• What is required
Only one stretch of the listing below is wanted. Give it again exactly, from the line with "A still Of Lorena" through the line with "Kieninger & Obergfell".

START Raw data

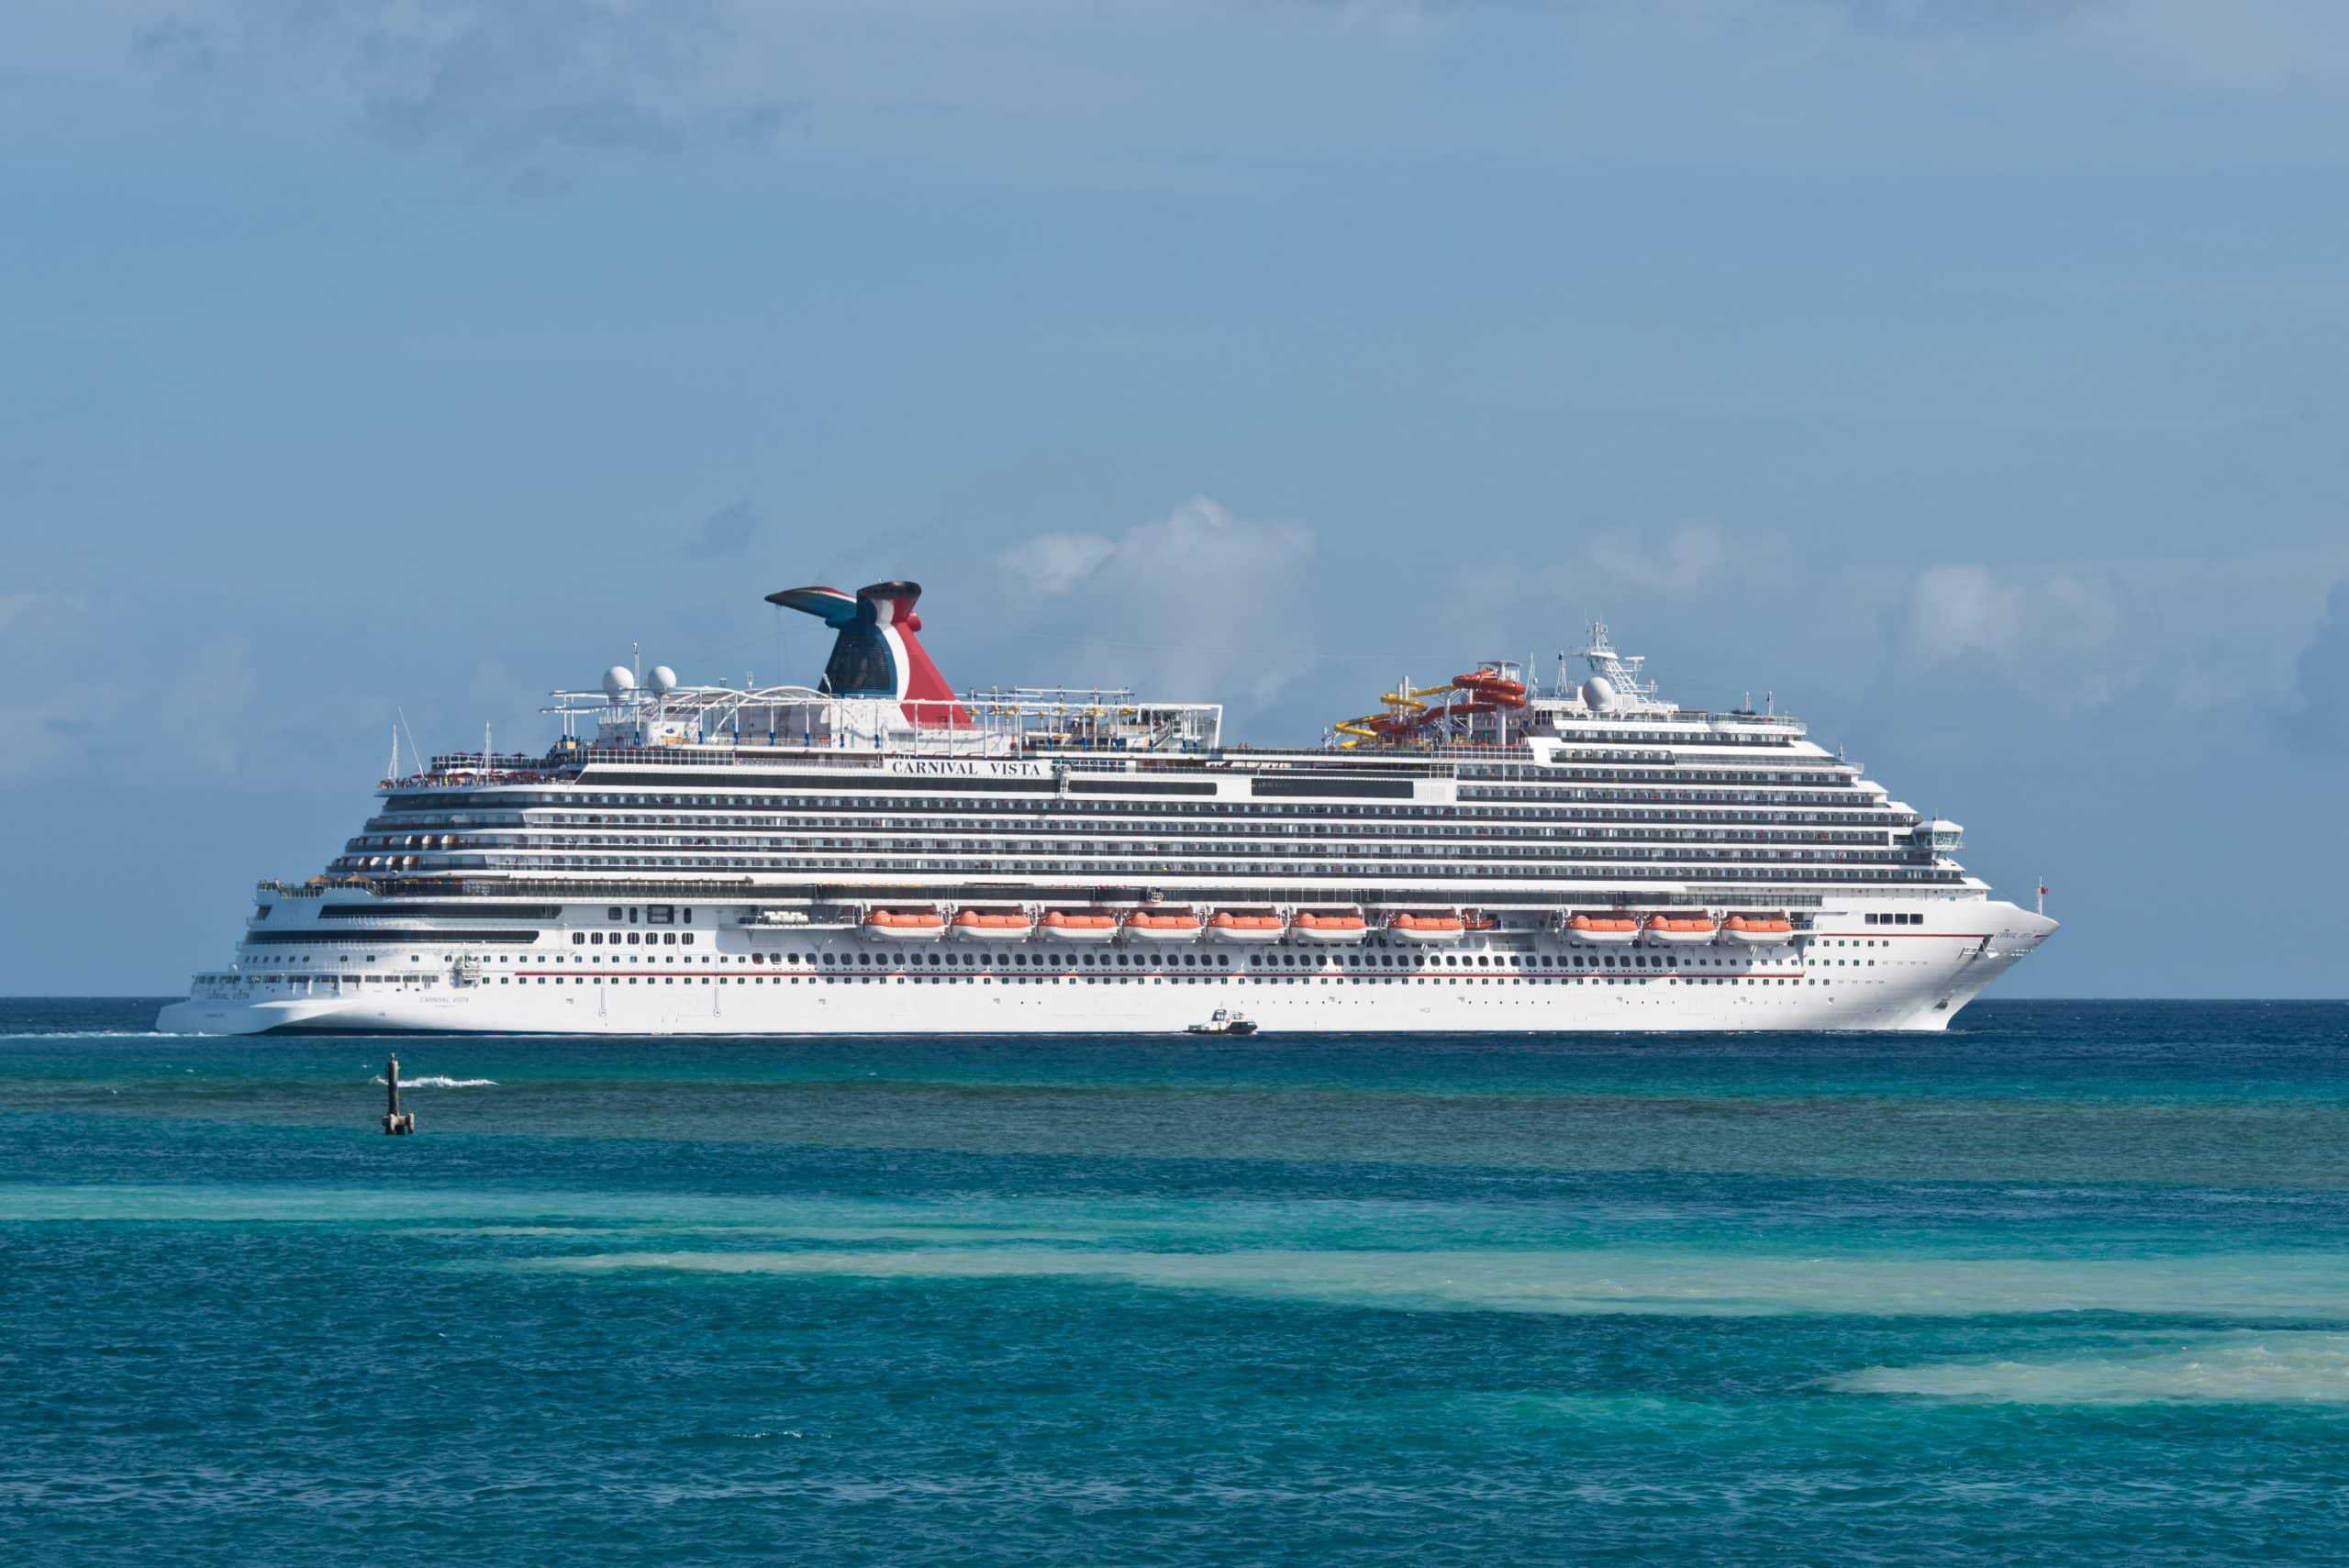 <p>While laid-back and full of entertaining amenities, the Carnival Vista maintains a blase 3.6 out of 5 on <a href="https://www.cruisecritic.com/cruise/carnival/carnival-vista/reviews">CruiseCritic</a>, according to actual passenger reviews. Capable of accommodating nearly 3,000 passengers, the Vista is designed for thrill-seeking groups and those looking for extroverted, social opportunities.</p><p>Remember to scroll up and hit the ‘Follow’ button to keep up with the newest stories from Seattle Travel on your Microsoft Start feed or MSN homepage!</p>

END Raw data
START Raw data

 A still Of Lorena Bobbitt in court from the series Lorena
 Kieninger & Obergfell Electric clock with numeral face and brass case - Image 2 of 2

END Raw data

• Completed exercise
 A still Of Lorena Bobbitt in court from the series Lorena
 Kieninger & Obergfell Electric clock with numeral face and brass case - Image 2 of 2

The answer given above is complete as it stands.